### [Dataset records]
=== Begin Enclosure ===
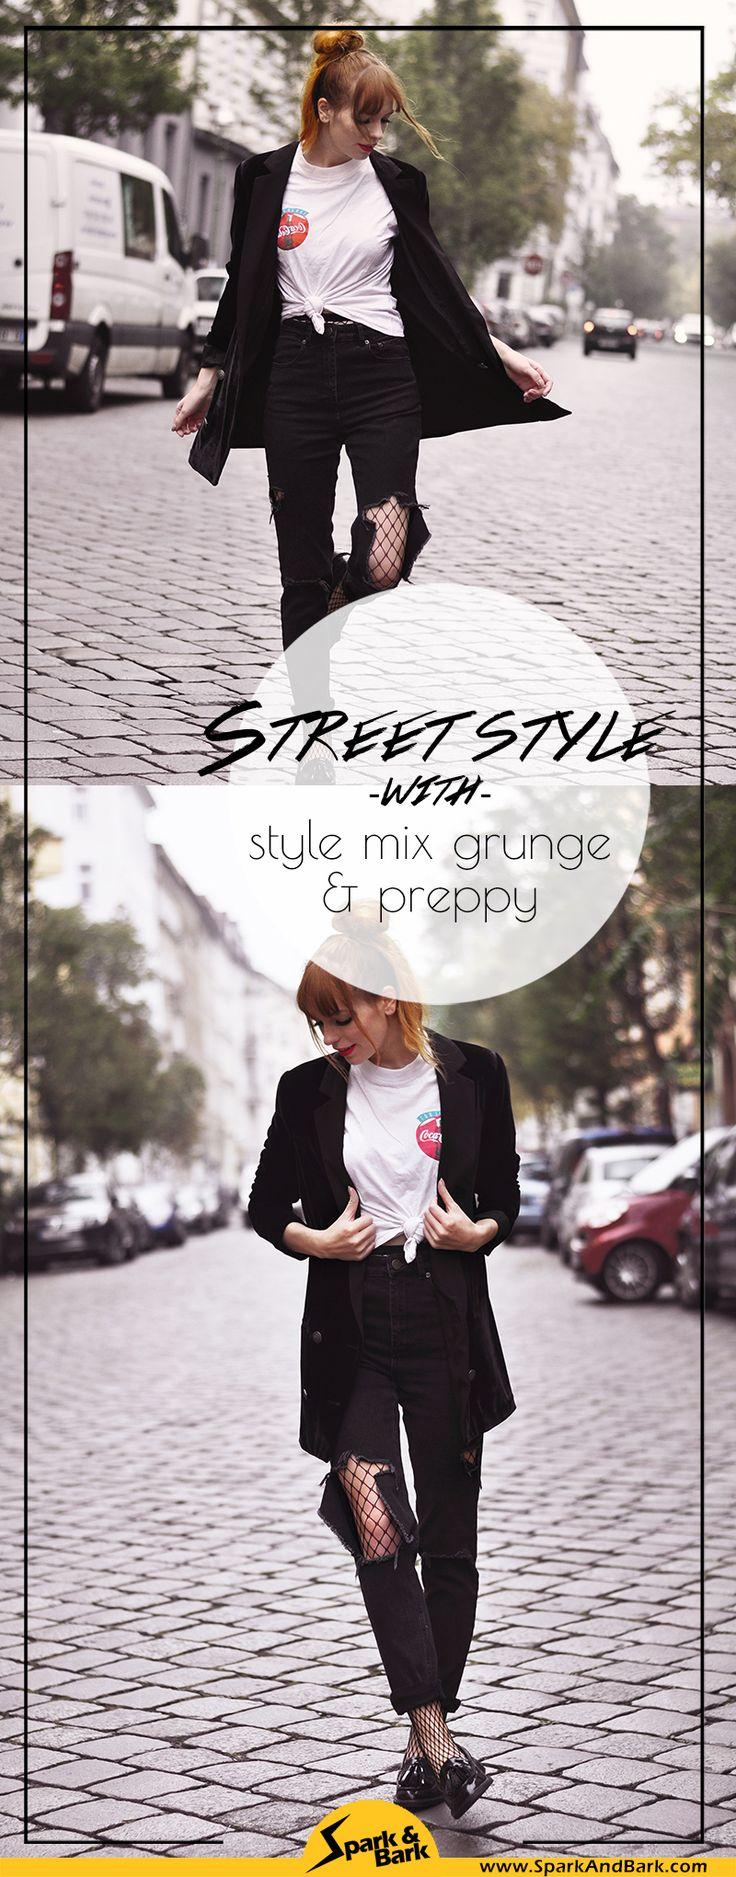 Grunge and preppy style mix Berlin street style, Berlin grunge street fashion
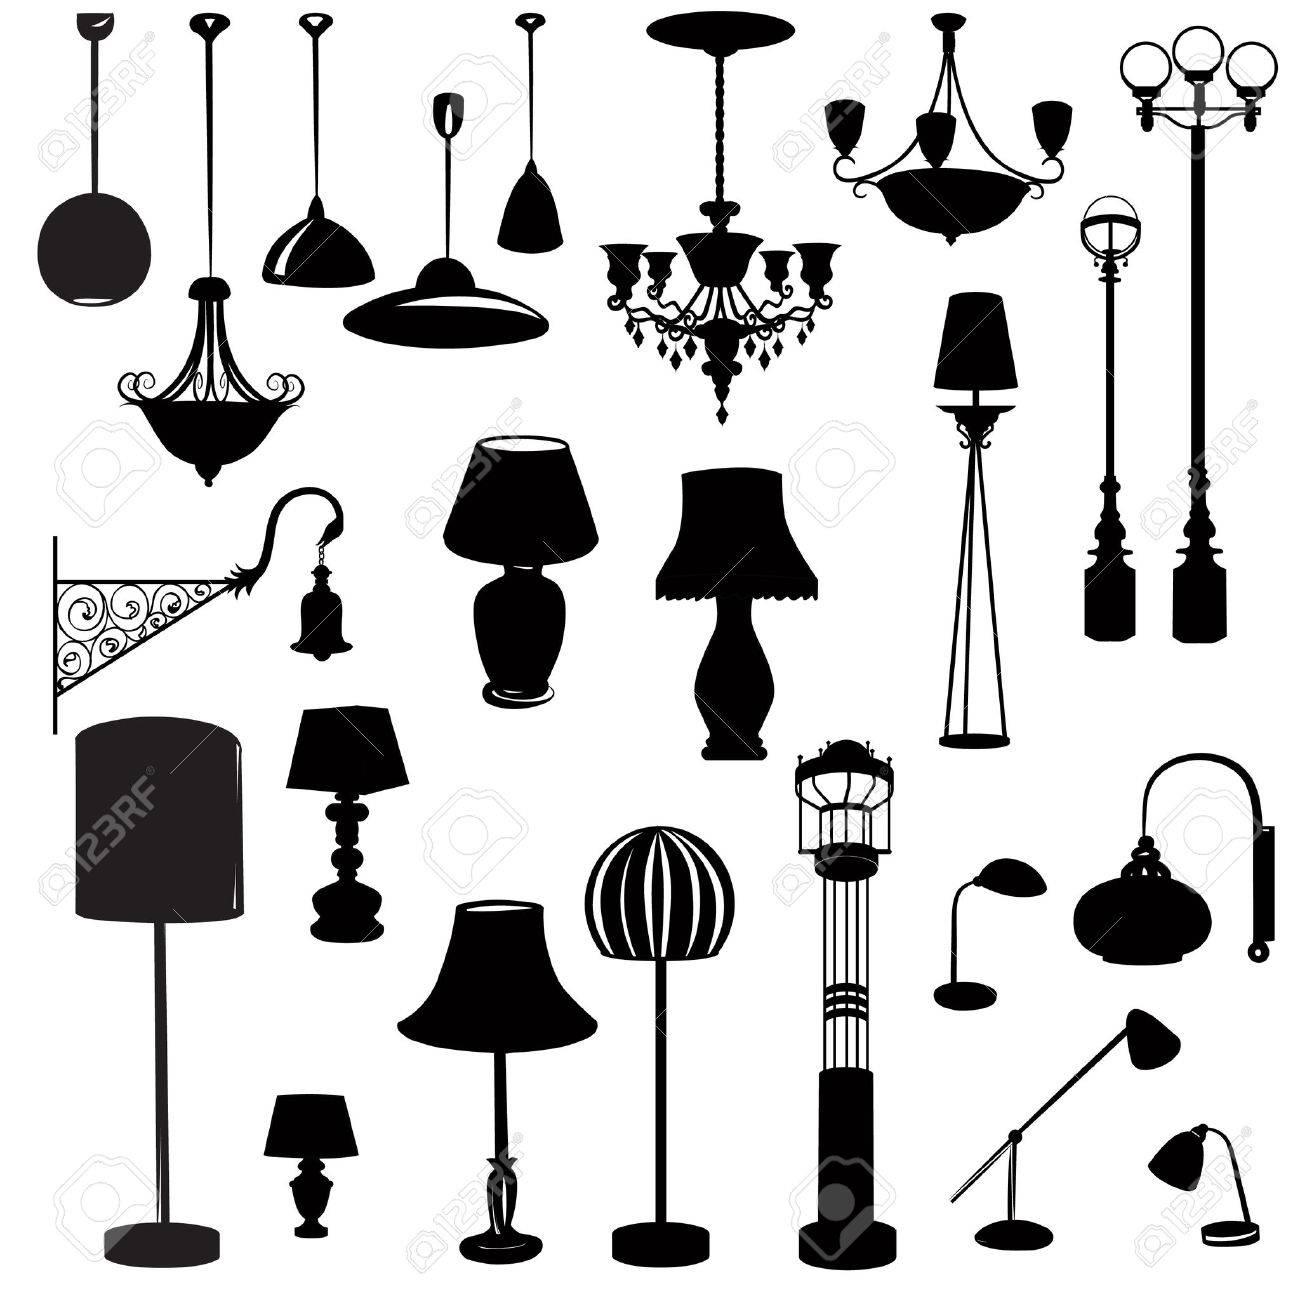 Interieur meubilair pictogrammen. plafondlamp icon set. silhouette ...
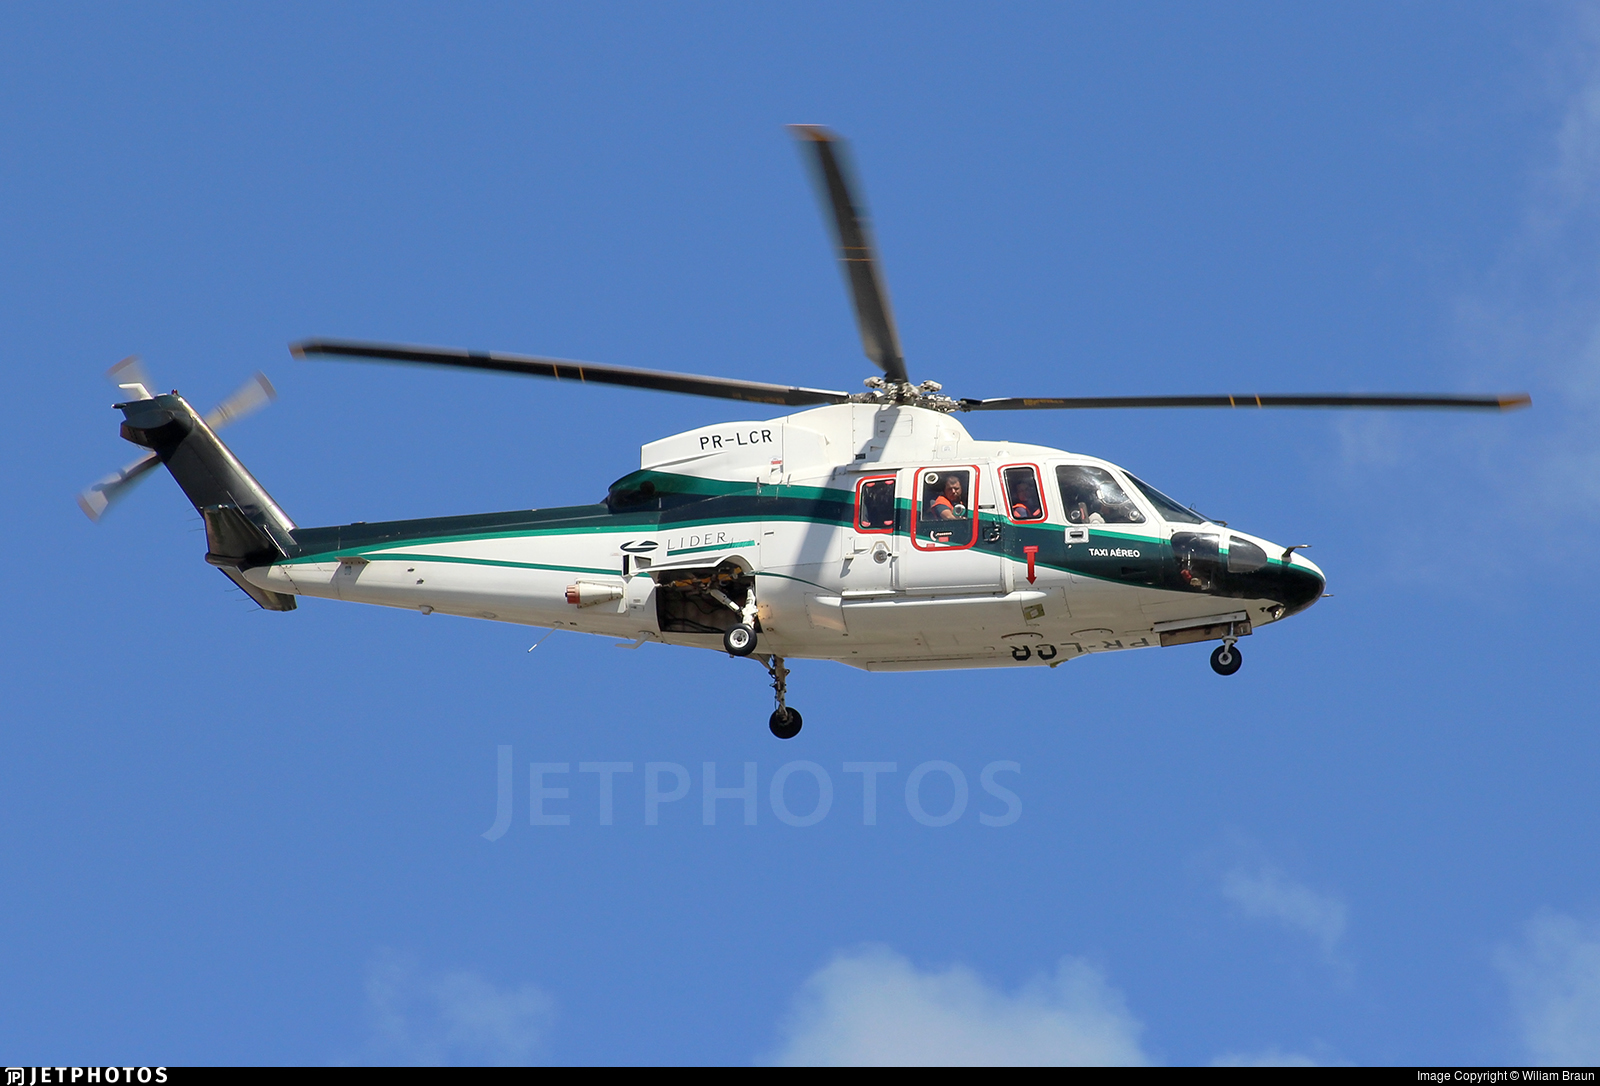 PR-LCR - Sikorsky S-76C - Líder Táxi Aéreo
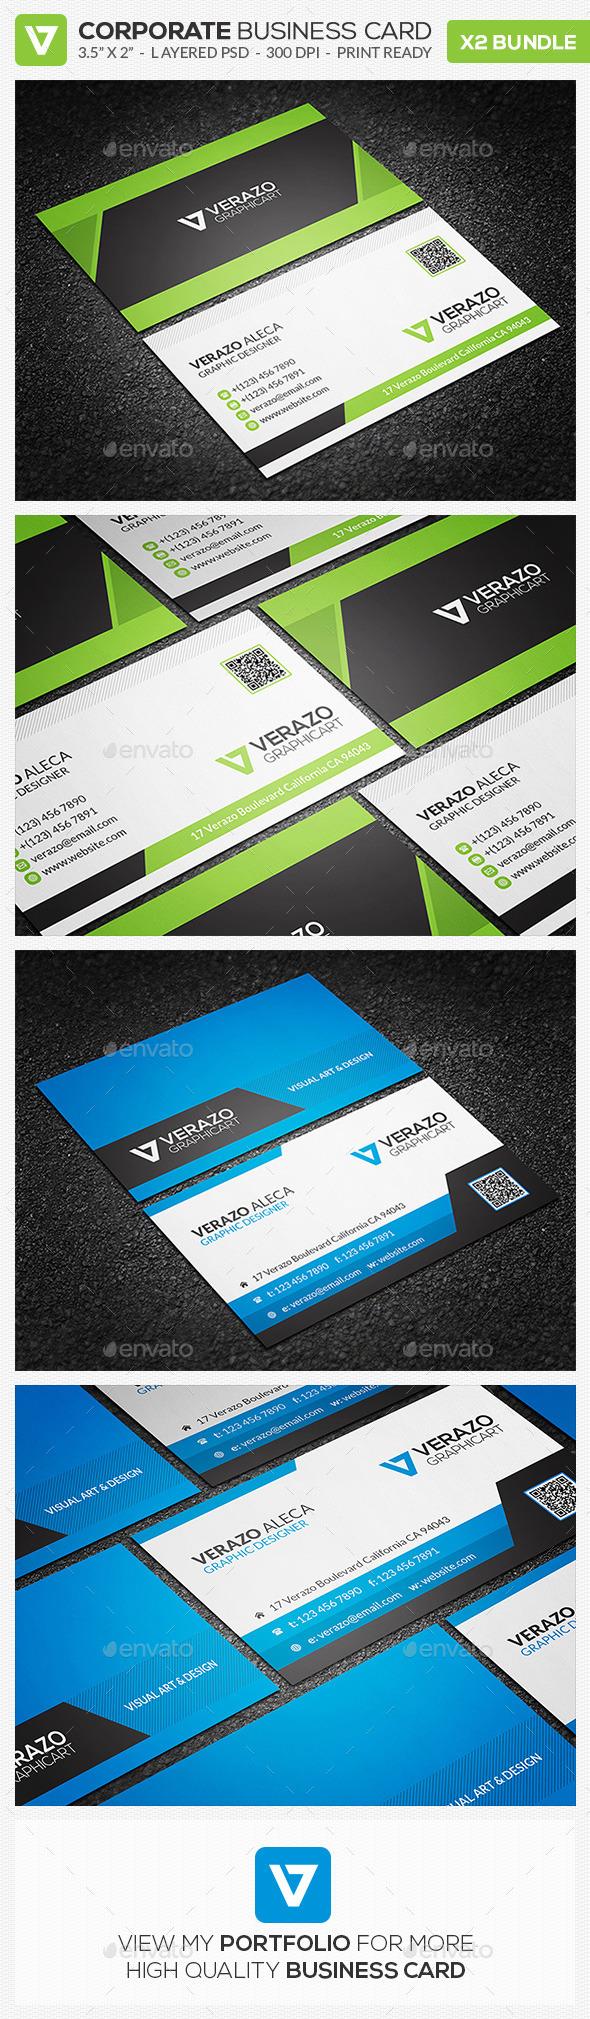 Business Card Bundle 18 - Corporate Business Cards
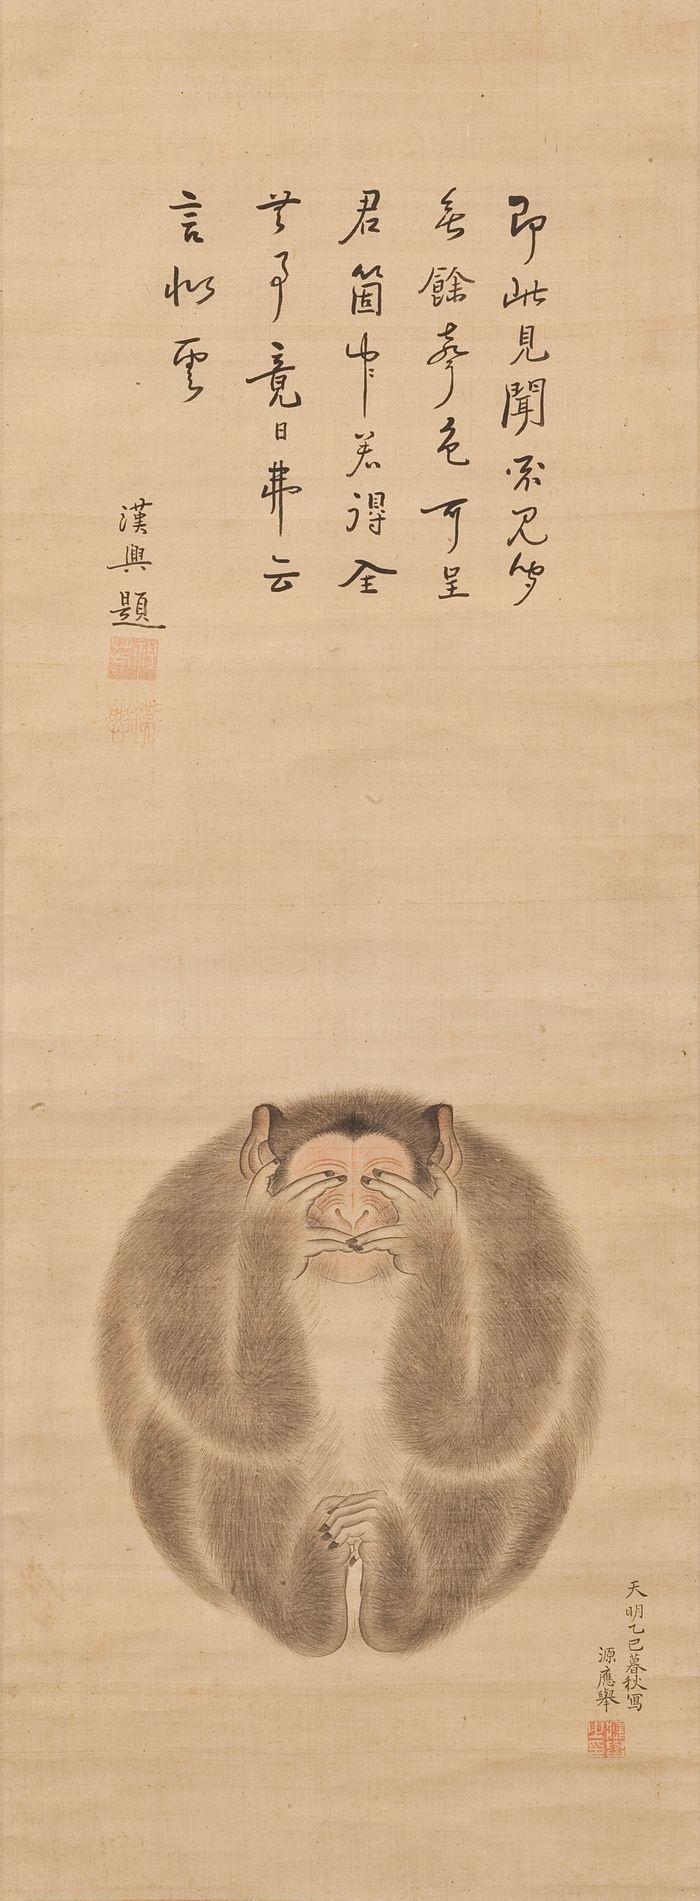 Three Monkeys, ink and color on silk by Maruyama Okyo. Calligraphy by Sozan Soho
=== End Enclosure ===
### [The task]
Write out the records once more, exactly as they stand, with no images.

### [Problem solution]
 Grunge and preppy style mix Berlin street style, Berlin grunge street fashion
 Interieur meubilair pictogrammen. plafondlamp icon set. silhouette ...
 PR-LCR - Sikorsky S-76C - Líder Táxi Aéreo
 Business Card Bundle 18 - Corporate Business Cards
 Three Monkeys, ink and color on silk by Maruyama Okyo. Calligraphy by Sozan Soho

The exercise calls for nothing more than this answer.